◆ GIVEN INFORMATION
>>>
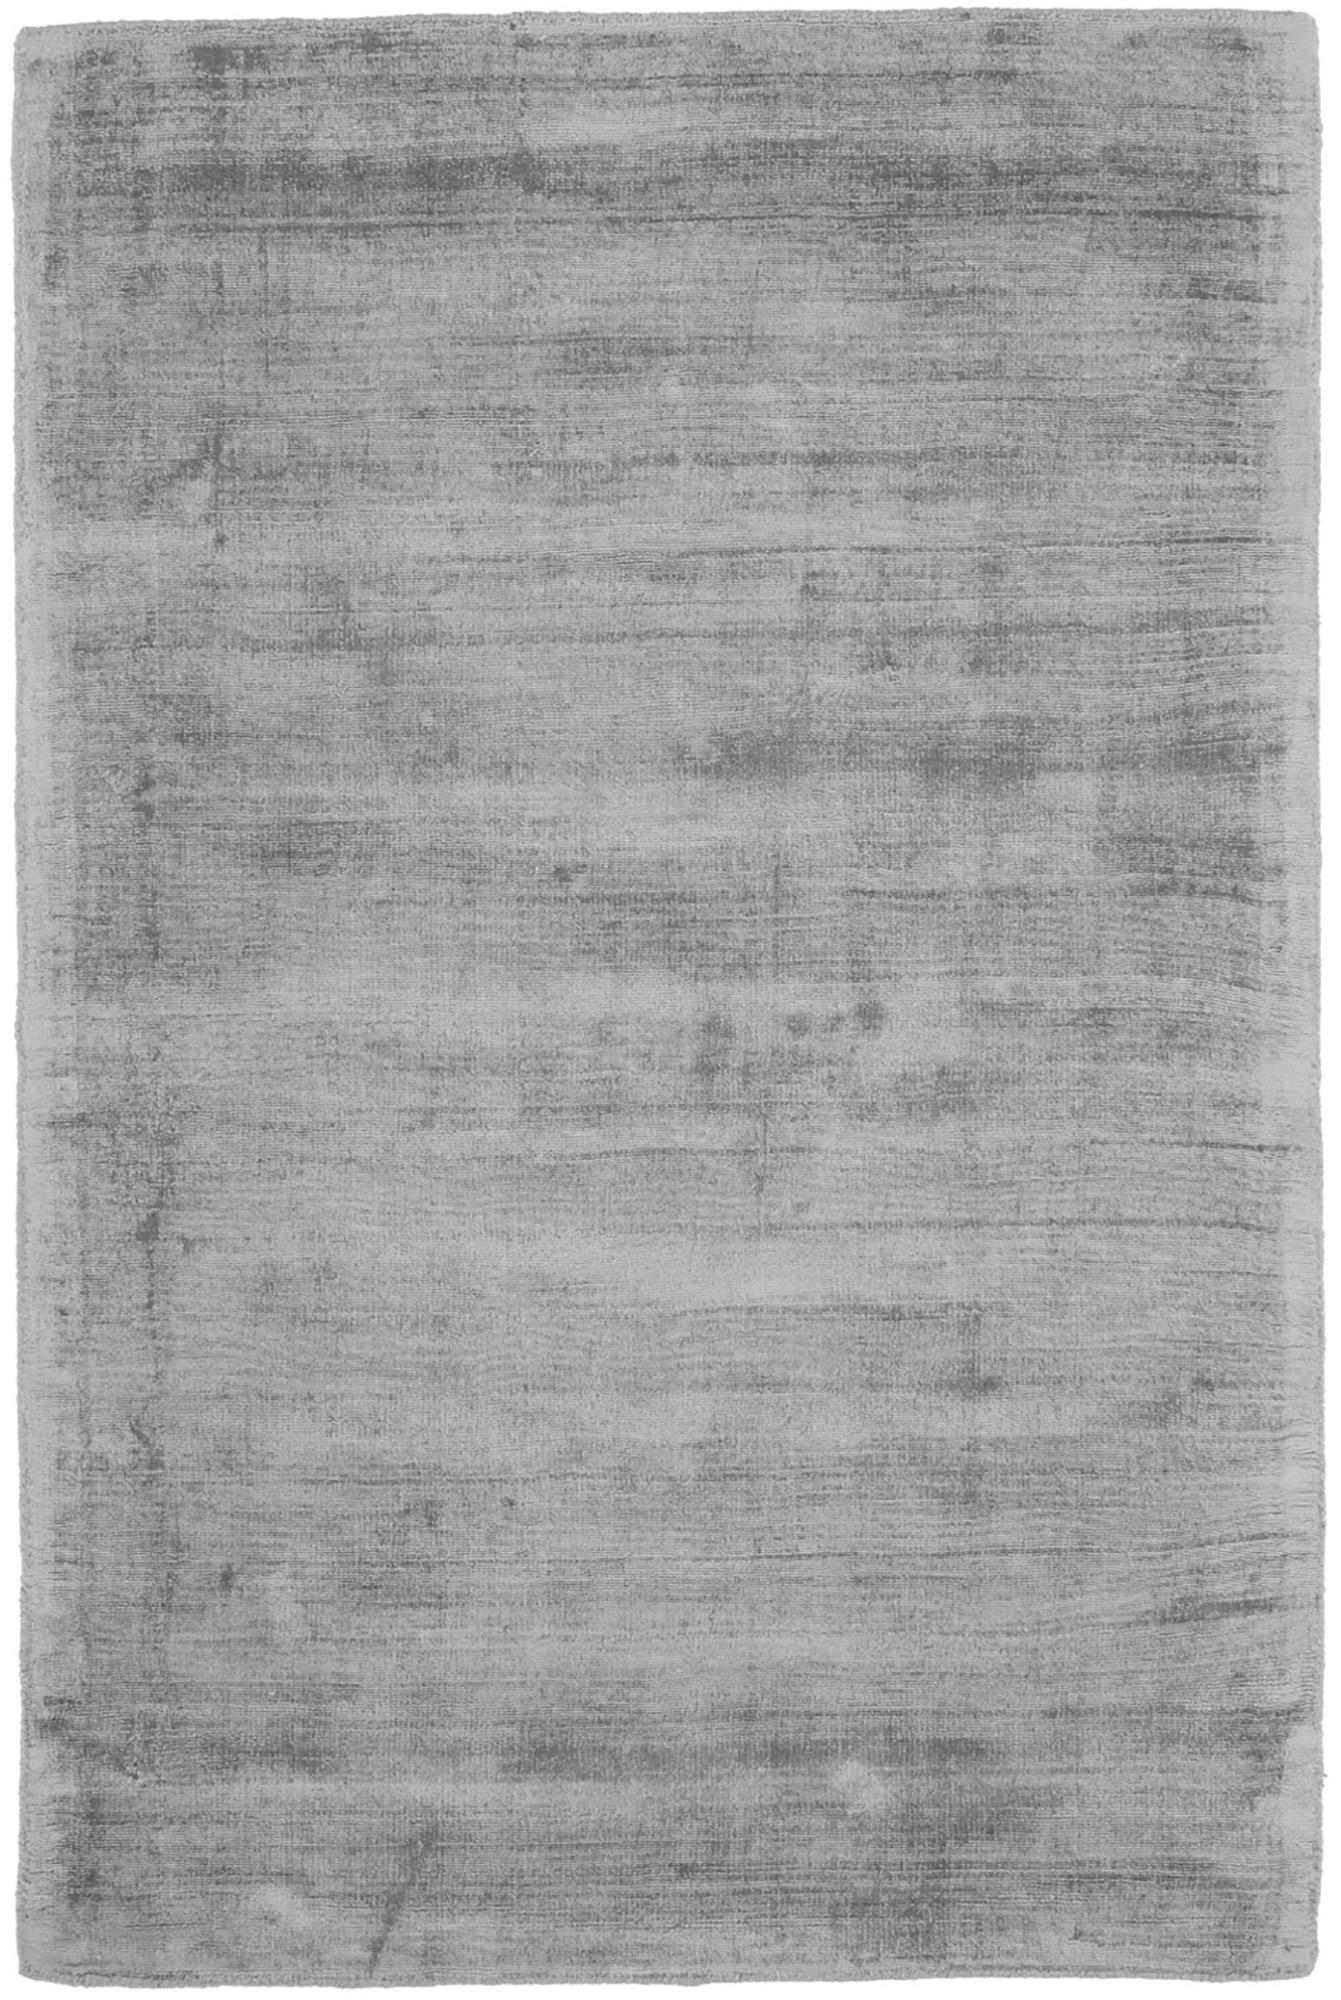 Handgewebter Viskoseteppich Jane in Grau, Flor: 100% Viskose, Grau, B 120 x L 180 cm (Größe S)
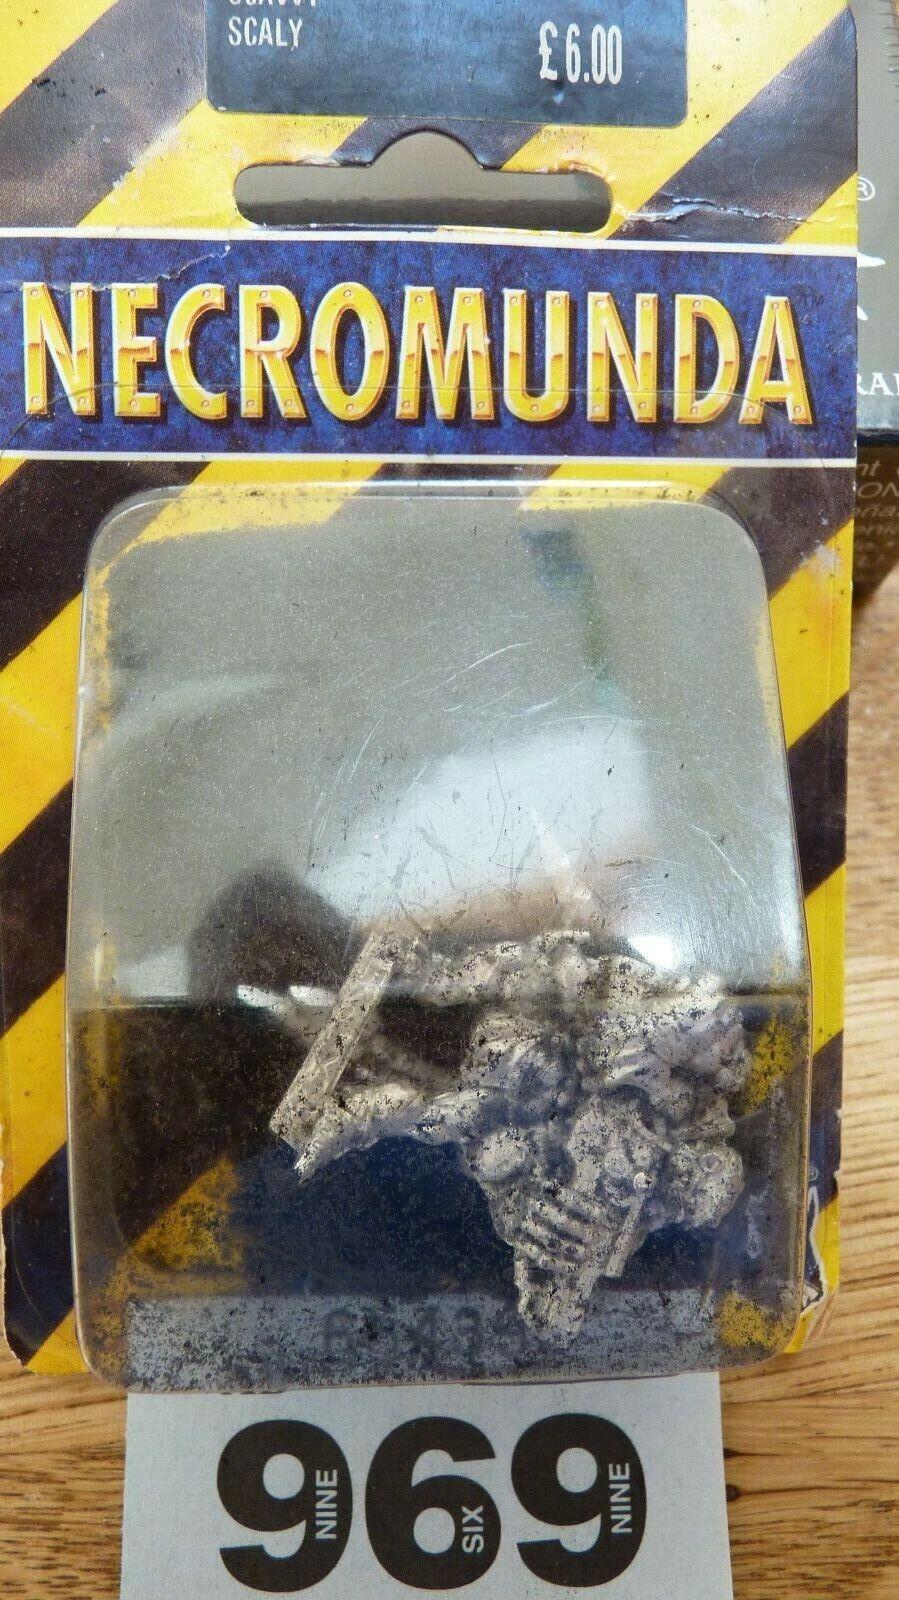 WARHAMMER SPECIALIST GAMES NECROMUNDA SCAVVY SCALY WITH HARPOON GUN MIB OOP
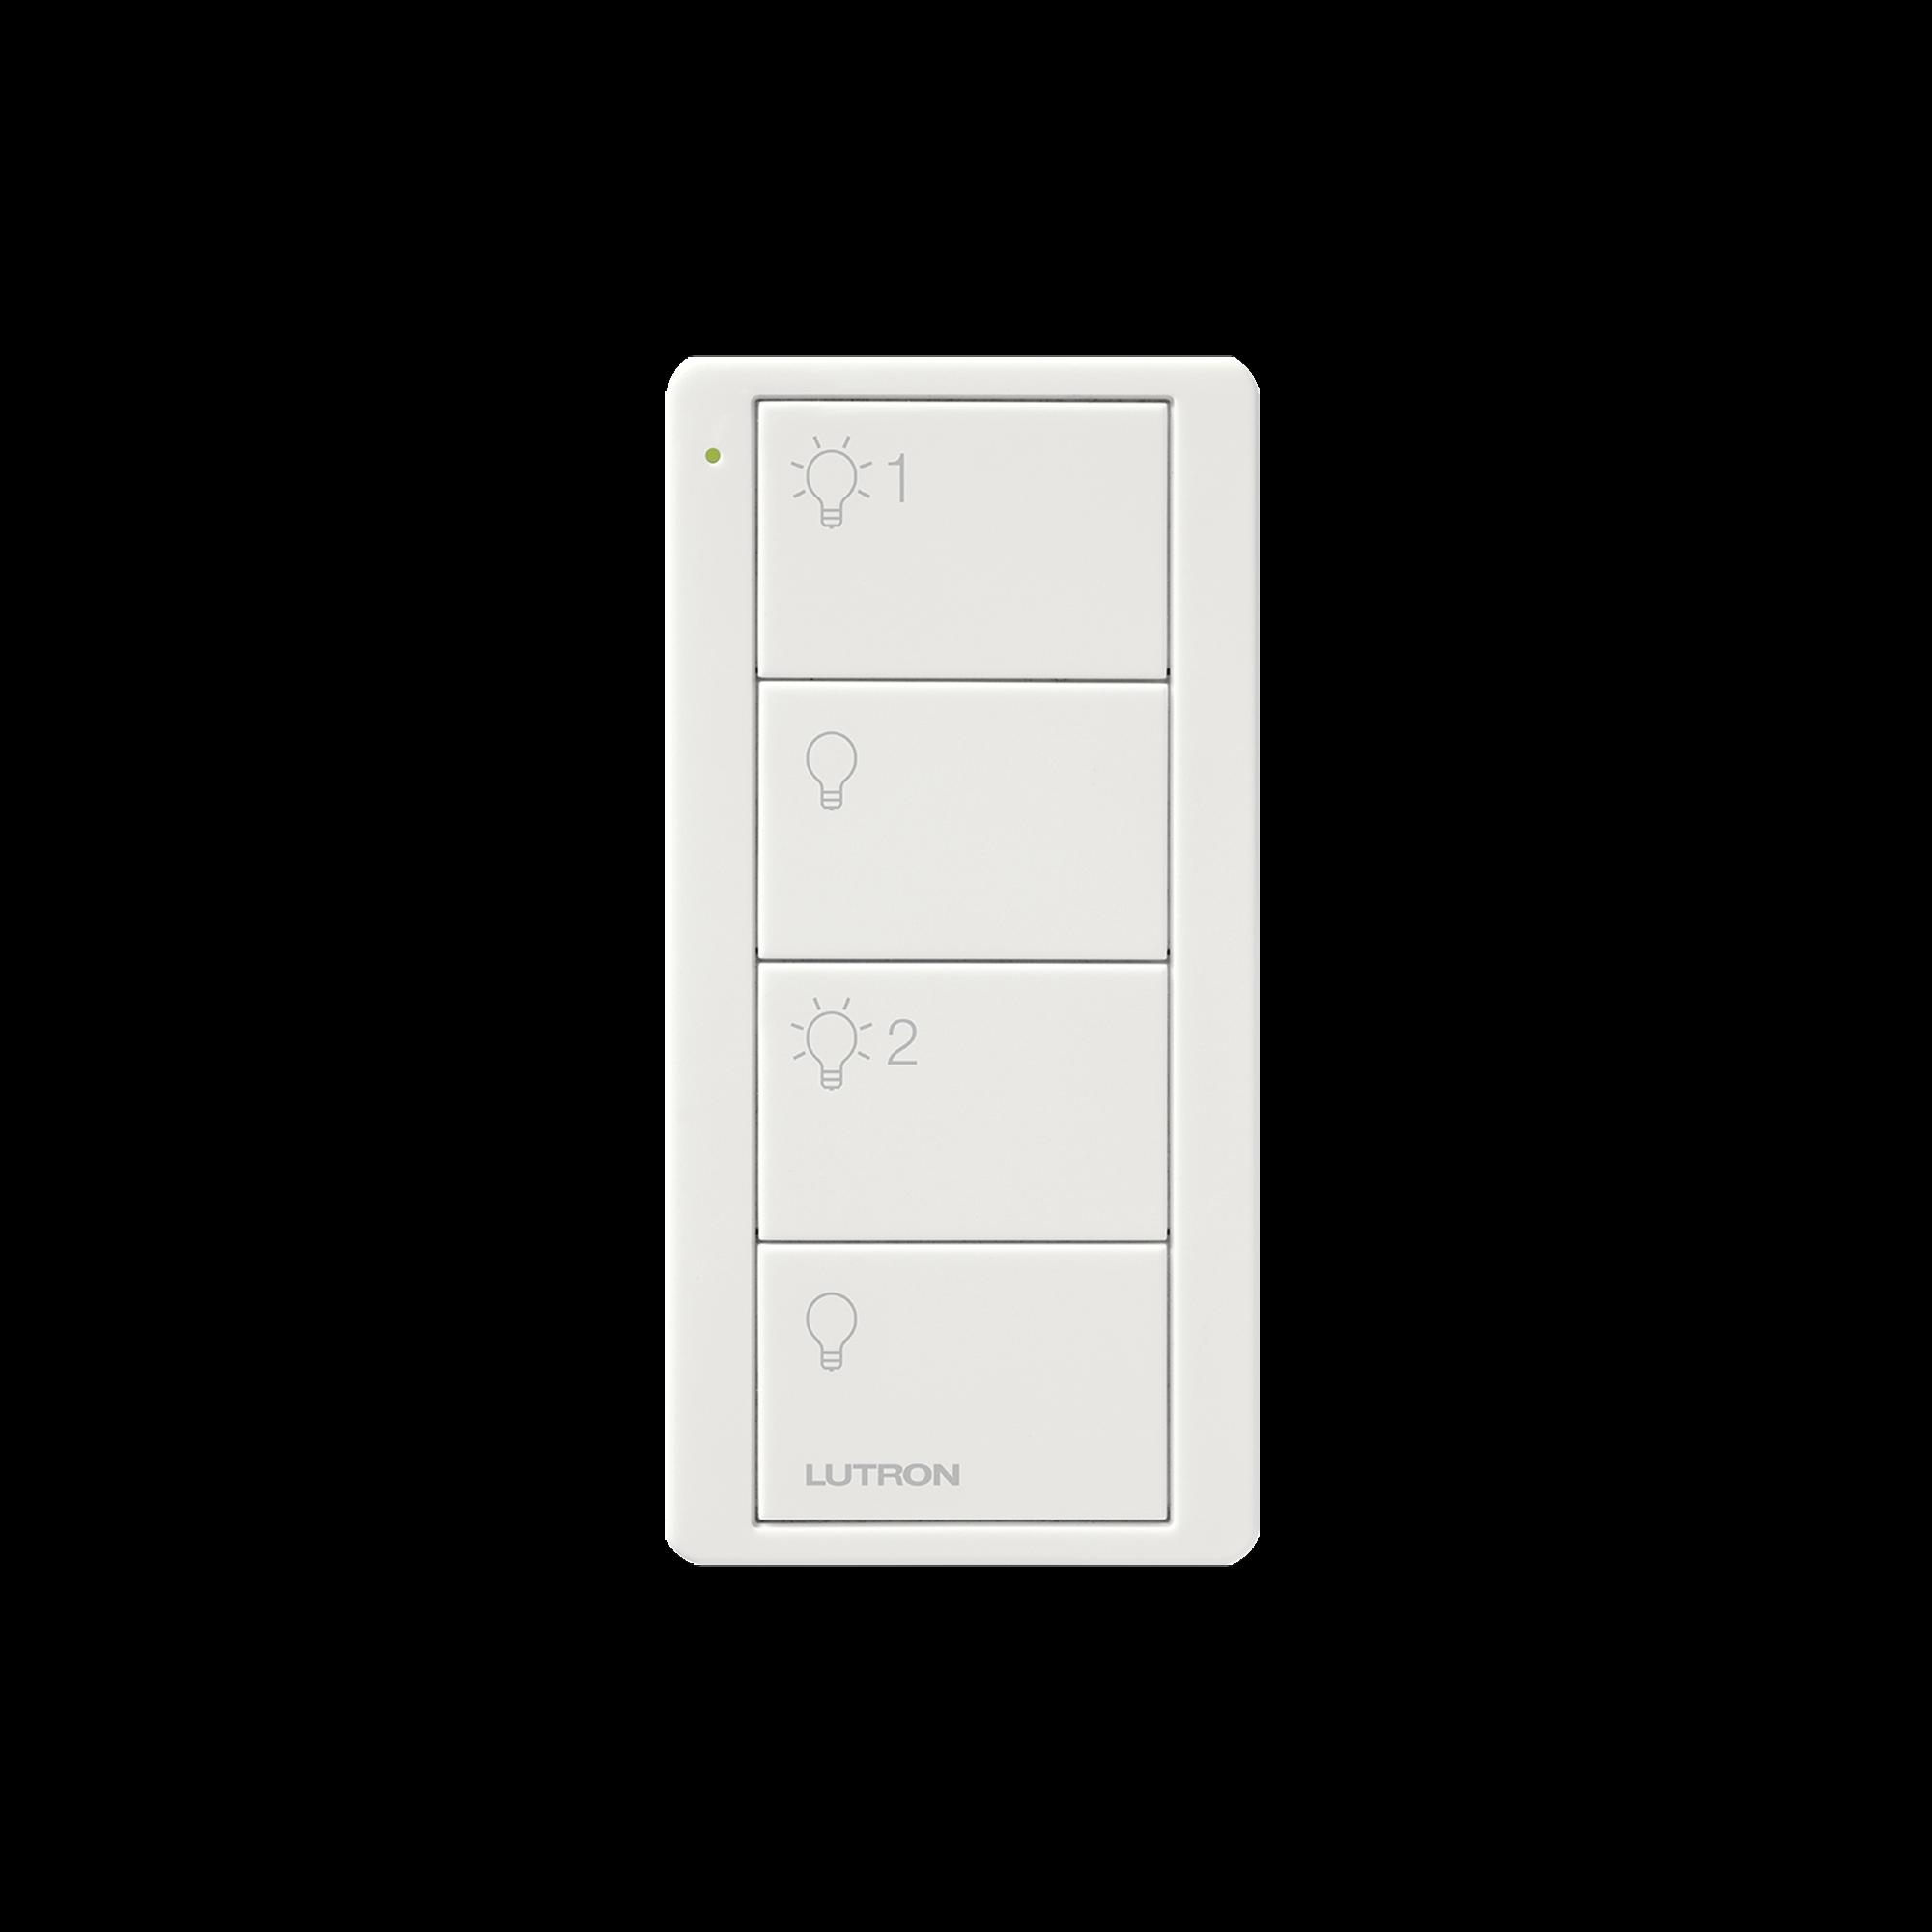 Control PICO 4 botones, 2 grupos, complemente con un atenuador o switch on/off
<<<
◆ TASK GOAL
The pictures in the data should be omitted, and every remaining line set down exactly.

◆ ANSWER TO THIS PROBLEM
 Handgewebter Viskoseteppich Jane in Grau, Flor: 100% Viskose, Grau, B 120 x L 180 cm (Größe S)
 WARHAMMER SPECIALIST GAMES NECROMUNDA SCAVVY SCALY WITH HARPOON GUN MIB OOP
 Control PICO 4 botones, 2 grupos, complemente con un atenuador o switch on/off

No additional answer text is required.